S.SOBHA SINGH HISTORY


Early life
He was born on 29 November 1901 in a Ramgarhia Sikh family in Sri Hargobindpur, Gurdaspur district of Punjab. His father, Deva Singh, was in the Indian cavalry.

Education and training

At age 15, Sobha Singh entered the Industrial School at Amritsar for a one-year course in art and craft. He joined the British Indian army as a draughtsman and served in Baghdad, Mesopotamia (now Iraq). In 1923 he left army and returned toAmritsar, where he opened his art studio. In the same year, he married Bibi Inder Kaur on Baisakhi day. He worked from his studios at Amritsar, Lahore (1926) and Delhi (1931).

An artist's impression of Guru Gobind Singh, tenth Sikh Guru.In 1946, He went back to Lahore and opened his studio at Anarkali and was working as an art director for a film when he was forced to leave the city due to partition of the country.[1] In 1949 he settled down in Andretta (near Palampur), a remote and then little-known place in the Kangra Valley, beginning his career as a painter. Now these days this place is very well known.

Painting

During his 38-year stay at Andretta, S. Sobha Singh painted hundreds of paintings. His main focus was Sikh gurus, their life and work. His series on the Sikh gurus have dominated to an extent that his paintings dominate the public's perception associated with Guru Nanak and Guru Gobind Singh.

The portrait he made in honour of the 500th birth anniversary of Guru Nanak in 1969 is the one most people believe to be the visage of Guru Nanak. Sobha Singh painted pictures of other gurus as well,Guru Amar Das, Guru Tegh Bahadur and Guru Har Krishan.

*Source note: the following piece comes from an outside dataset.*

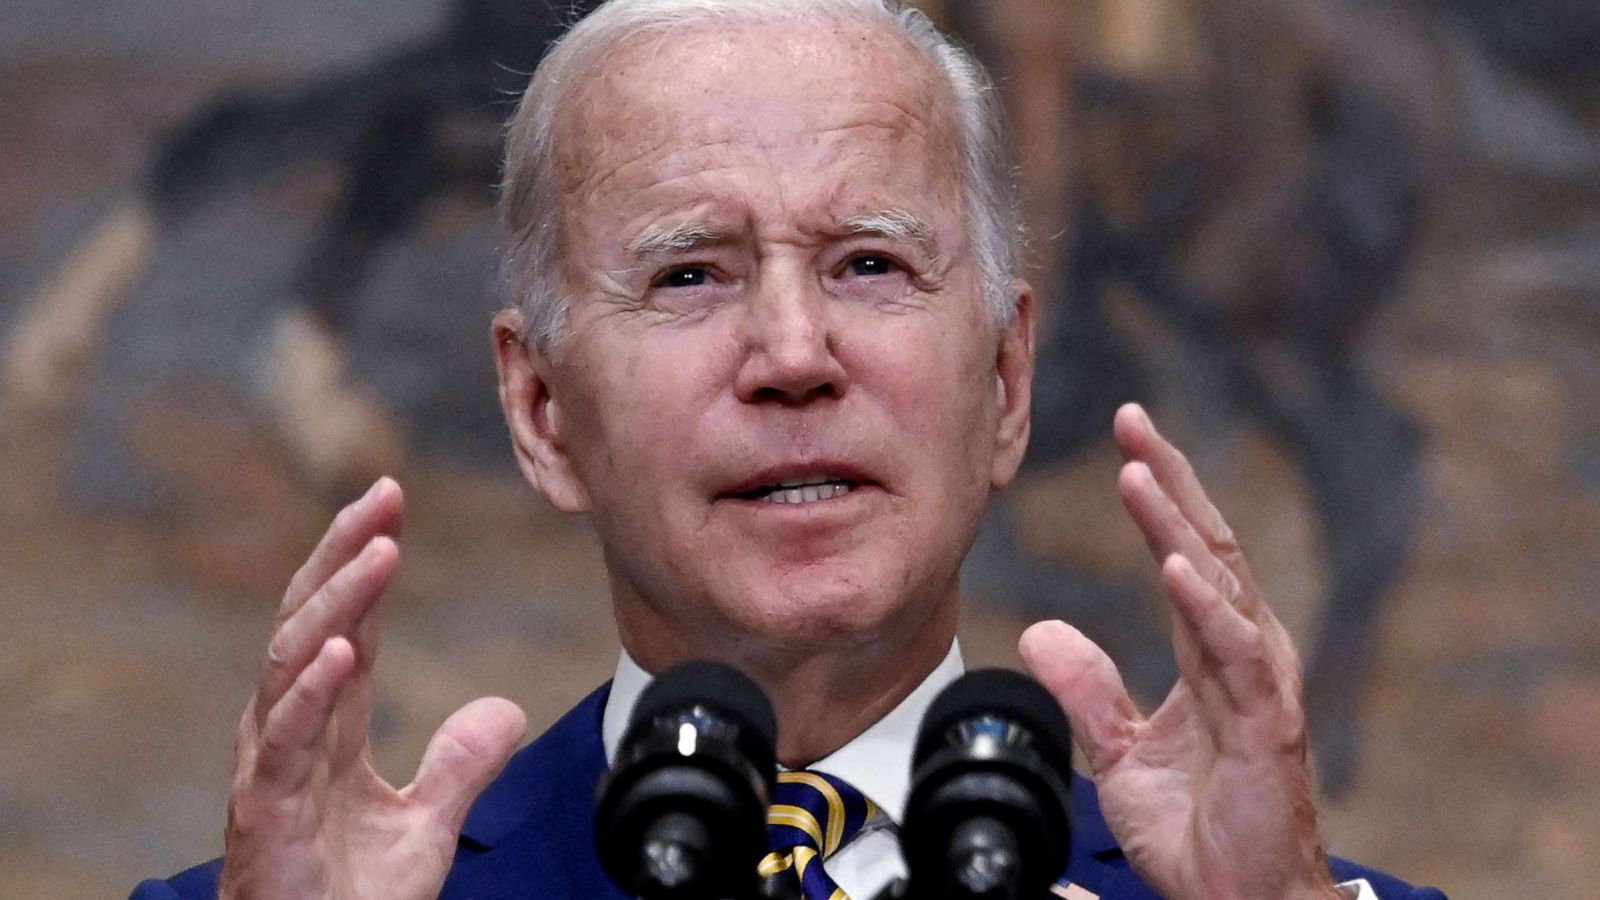 Biden’s student loan relief could cost $400 billion, Congressional Budget Office says -government.vision
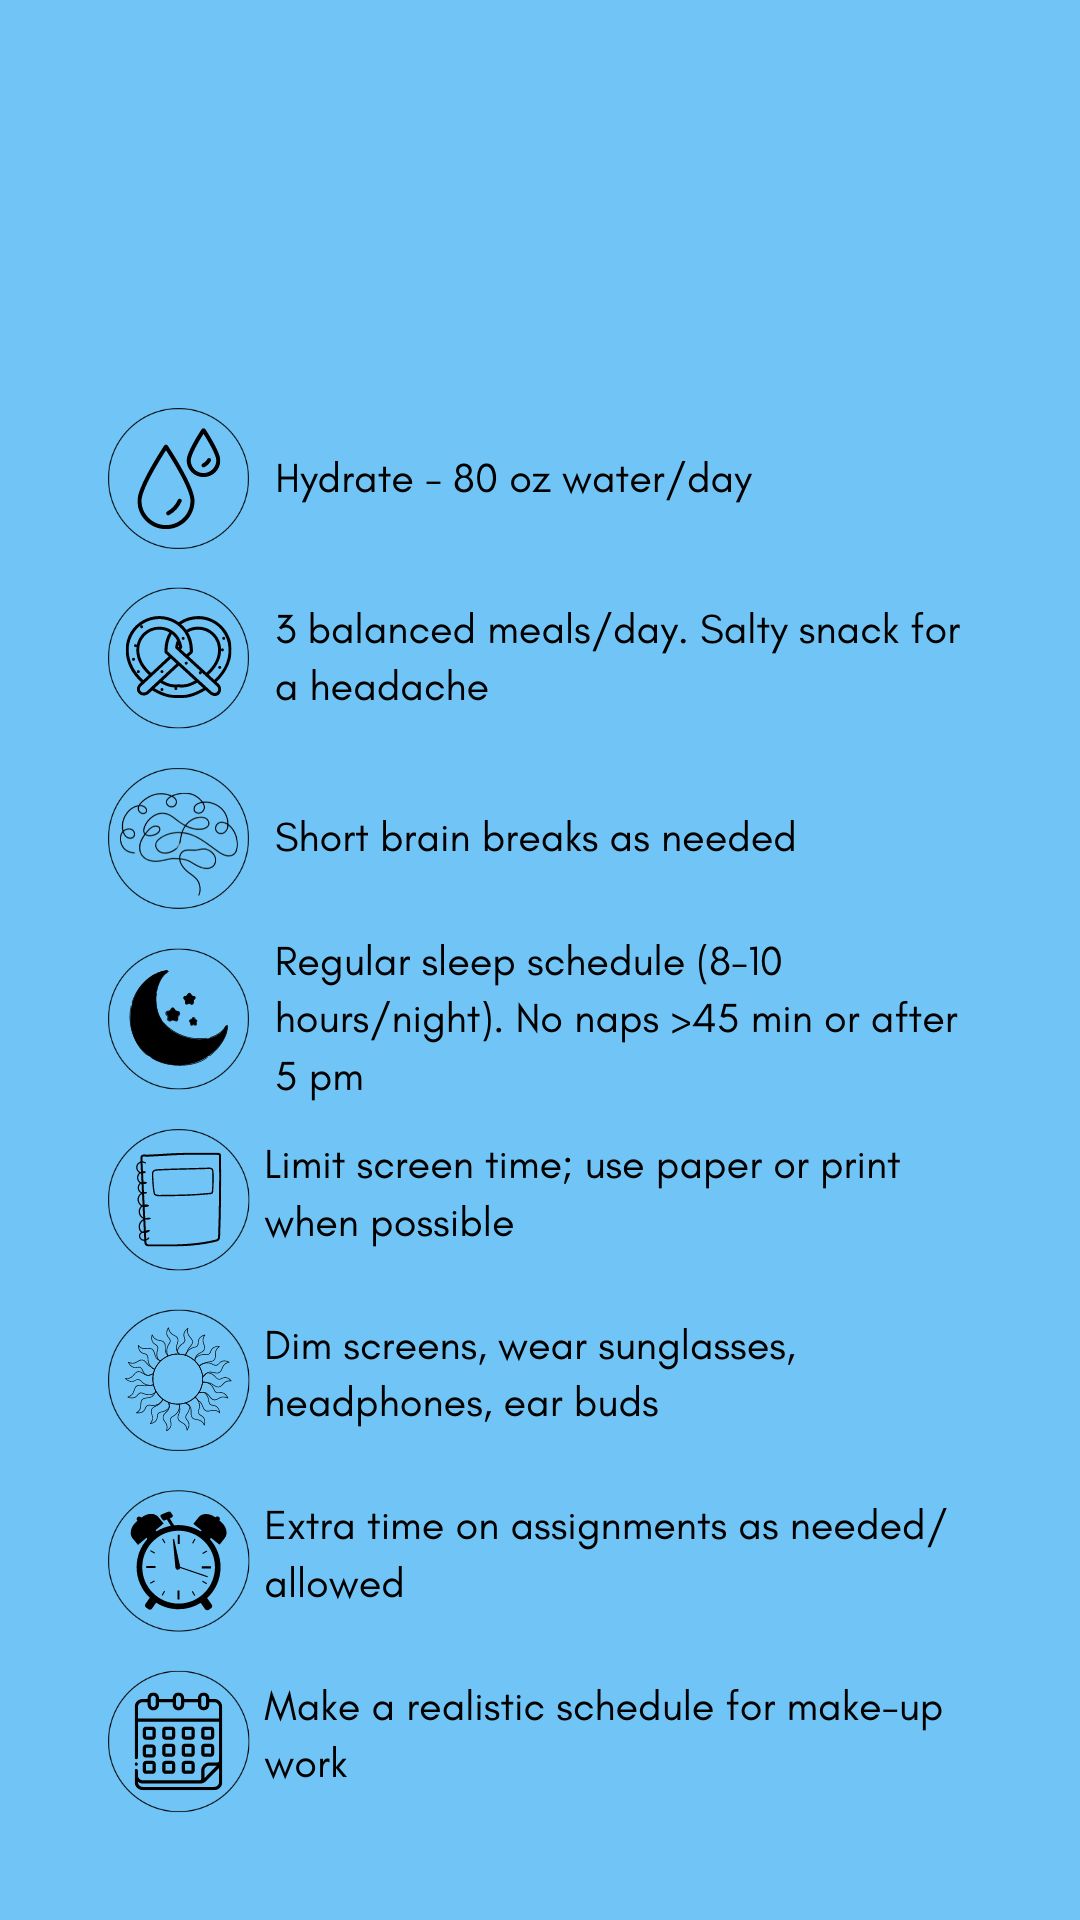 Concussion treatment tips in black graphics and text against a blue backdrop. The tips include hydrate (80 oz. water/day). Eat 3 balanced meals/day, salt snack for headache. Short brain breaks as needed, Sleep time (8-10 hrs/night), no naps > 45 mins. or after 5 pm. Limit screens, use paper/print. when possible .Dim screens. wear sunglasses, headphones, earbuds. Allow extra time on assignments as allowed. Pace yourself. Make a realistic schedule for make-up work.

His paintings of Sohni Mahiwal and Heer Ranjha were also very popular. He also painted impressive portraits of national heroes and leaders like Shaheed Bhagat Singh, Kartar Singh Sarabha, Mahatma Gandhi, Lal Bahadur Shastri etc.[2]

His murals are displayed in the art gallery of Indian Parliament House in New Delhi. The panel depicting the evolution of Sikh history features Guru Nanak with Bala and Mardana on one side; and Guru Gobind Singh in meditation on the other. Sobha Singh also dabbled in sculpture, and did the busts of some eminent Punjabis such as M.S. Randhawa, Prithviraj Kapoor and Nirmal Chandra, and an incomplete head-study of the Punjabi poetess Amrita Pritam. The originals of his works are displayed in his studio at Andretta. General public can also visit his studio in Andretta

Sobha Singh died in Chandigarh on 21 August 1986.